我们继续下面的 runtime·rt0_go函数.

TEXT runtime·rt0_go(SB),NOSPLIT,$0
//...
// 1.初始化全局变量g0
//...
// 2.m0和g0绑定在一起
//...
// 3.设置nCPU/M/P的个数,初始化m0,allp
//...
// 4.创建main goroutine
//...
// 5.开始M
    CALL	runtime·mstart(SB) // start this M
    CALL	runtime·abort(SB)  // mstart should never return
    RET
    // Prevent dead-code elimination of debugCallV1, which is
    // intended to be called by debuggers.
    MOVQ	$runtime·debugCallV1(SB), AX
    RET

mstart #

mstart 是一个新M切入点, 它主要是再检查下此M对应g0栈是否有创建,设置一下g0的stackguard0.

// mstart is the entry-point for new Ms.
//
// This must not split the stack because we may not even have stack
// bounds set up yet.
//
// May run during STW (because it doesn't have a P yet), so write
// barriers are not allowed.
//
//go:nosplit
//go:nowritebarrierrec
func mstart() {
	_g_ := getg()  // g0

	osStack := _g_.stack.lo == 0
	/*  ? linux的话， 从runtime·rt0_go我们知道，g0的stack.lo,不是为0的.
		// create istack out of the given (operating system) stack.
		// _cgo_init may update stackguard.
		MOVQ	$runtime·g0(SB), DI
		LEAQ	(-64*1024+104)(SP), BX
		MOVQ	BX, g_stackguard0(DI)
		MOVQ	BX, g_stackguard1(DI)
		MOVQ	BX, (g_stack+stack_lo)(DI)
		MOVQ	SP, (g_stack+stack_hi)(DI)
	*/
	if osStack {
		// Initialize stack bounds from system stack.
		// Cgo may have left stack size in stack.hi.
		// minit may update the stack bounds.
		size := _g_.stack.hi
		if size == 0 {
			size = 8192 * sys.StackGuardMultiplier
		}
		_g_.stack.hi = uintptr(noescape(unsafe.Pointer(&size)))
		_g_.stack.lo = _g_.stack.hi - size + 1024
	}
	// Initialize stack guard so that we can start calling regular
	// Go code.
	_g_.stackguard0 = _g_.stack.lo + _StackGuard  //这个stackguard0比stack.lo大，防止越界
	// This is the g0, so we can also call go:systemstack
	// functions, which check stackguard1.
	_g_.stackguard1 = _g_.stackguard0 //stackguard1的作用是栈溢出检查，如果是stackguard0与stackguard1相等，那么是不能放数据到g0栈中了吗
	mstart1()

	// Exit this thread.
	if GOOS == "windows" || GOOS == "solaris" || GOOS == "illumos" || GOOS == "plan9" || GOOS == "darwin" || GOOS == "aix" {
		// Windows, Solaris, illumos, Darwin, AIX and Plan 9 always system-allocate
		// the stack, but put it in _g_.stack before mstart,
		// so the logic above hasn't set osStack yet.
		osStack = true
	}
	mexit(osStack)
}

mstart1 #

重置一下g0的pc/sp为caller的pc/sp, 而mstart1的caller就是mstart

记录调用者，以便在mcall中作为堆栈顶部使用，并用于终止线程。
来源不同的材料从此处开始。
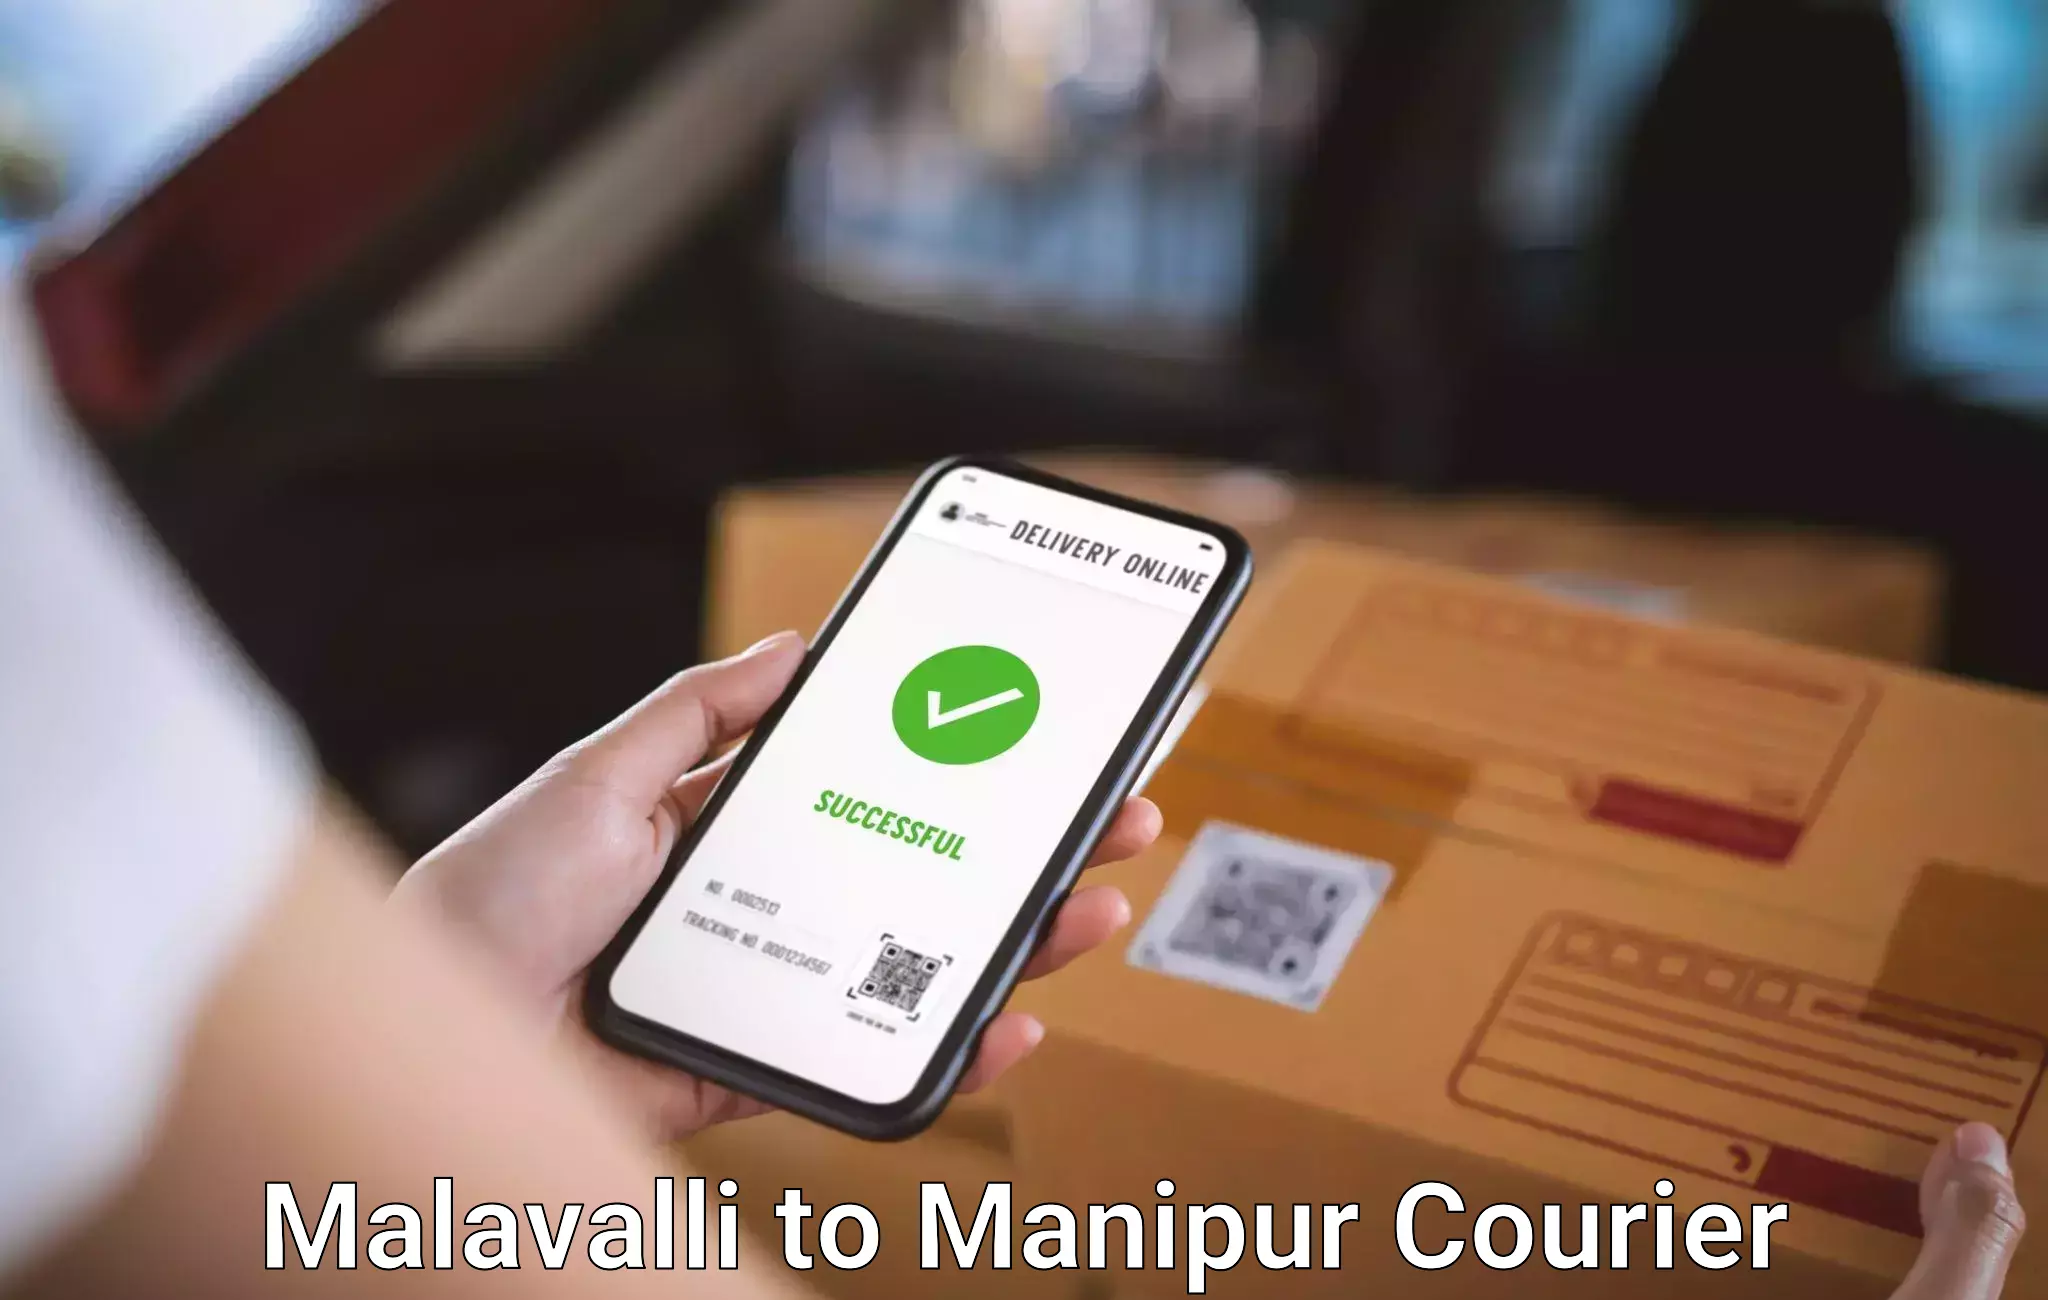 Quick luggage shipment in Malavalli to Manipur

我们在调用schedule之后就不会再回到mstart1，所以其他调用可以重复使用当前的帧。

func mstart1() {
	_g_ := getg()   //g0

	if _g_ != _g_.m.g0 {
		throw("bad runtime·mstart")
	}

	// Record the caller for use as the top of stack in mcall and
	// for terminating the thread.
	// We're never coming back to mstart1 after we call schedule,
	// so other calls can reuse the current frame.
	save(getcallerpc(), getcallersp()) //就是把pc, sp保存到自己的sched里面， 但是bp寄存器没有保存，因为会重新使用这个栈？
	/*
	这里不是当前的, 因为后面调用schedule函数后，还会再回到mstart1函数,但是永远不会进入到mstart函数
		getcallerpc()返回的是mstart调用mstart1时被call指令压栈的返回地址， bp+1 ?
		getcallersp()函数返回的是调用mstart1函数之前mstart函数的栈顶地址    bp ?
	*/
	asminit()
	minit() //初始化信号

	// Install signal handlers; after minit so that minit can
	// prepare the thread to be able to handle the signals.
	// 安装信号处理程序;所以minit可以准备线程以便能够处理信号, 在minit之后执行
	if _g_.m == &m0 {
		mstartm0()
	}

	if fn := _g_.m.mstartfn; fn != nil {   //如果m的mstartfn不是空的，先执行它
		fn()
	}

	if _g_.m != &m0 { // 如果m不等于m0  就是m0的话,前面m0和allp[0]已经绑定了
		acquirep(_g_.m.nextp.ptr()) //TODO zxc 这个acquirep函数是把m和m.nextp进行绑定,如果到这里的时候,nextp已经状态不是空闲的状态,
		                            //那么会抛出错误?
		_g_.m.nextp = 0
	}
	schedule() //进入调度
}

20220623194734

保存pc,sp到g0 #

save函数保存pc,sp到g0,方便下次再度调度运行g0

Expand ↕

list /usr/lib/golang/src/runtime/proc.go:1167
list /usr/lib/golang/src/runtime/proc.go:1179
list /usr/lib/golang/src/runtime/proc.go:1190

[root@gitlab kubernets]# gdb test

GNU gdb (GDB) Red Hat Enterprise Linux 7.6.1-119.el7
Copyright (C) 2013 Free Software Foundation, Inc.
License GPLv3+: GNU GPL version 3 or later <http://gnu.org/licenses/gpl.html>
This is free software: you are free to change and redistribute it.
There is NO WARRANTY, to the extent permitted by law.  Type "show copying"
and "show warranty" for details.
This GDB was configured as "x86_64-redhat-linux-gnu".
For bug reporting instructions, please see:
<http://www.gnu.org/software/gdb/bugs/>...
Reading symbols from /tmp/kubernets/test...done.
Loading Go Runtime support.

(gdb) list /usr/lib/golang/src/runtime/proc.go:1167

1162		// Go code.
1163		_g_.stackguard0 = _g_.stack.lo + _StackGuard
1164		// This is the g0, so we can also call go:systemstack
1165		// functions, which check stackguard1.
1166		_g_.stackguard1 = _g_.stackguard0
1167		mstart1()
1168
1169		// Exit this thread.
1170		if GOOS == "windows" || GOOS == "solaris" || GOOS == "illumos" || GOOS == "plan9" || GOOS == "darwin" || GOOS == "aix" {
1171			// Windows, Solaris, illumos, Darwin, AIX and Plan 9 always system-allocate

(gdb) b 1167

Breakpoint 1 at 0x42dd09: file /usr/lib/golang/src/runtime/proc.go, line 1167.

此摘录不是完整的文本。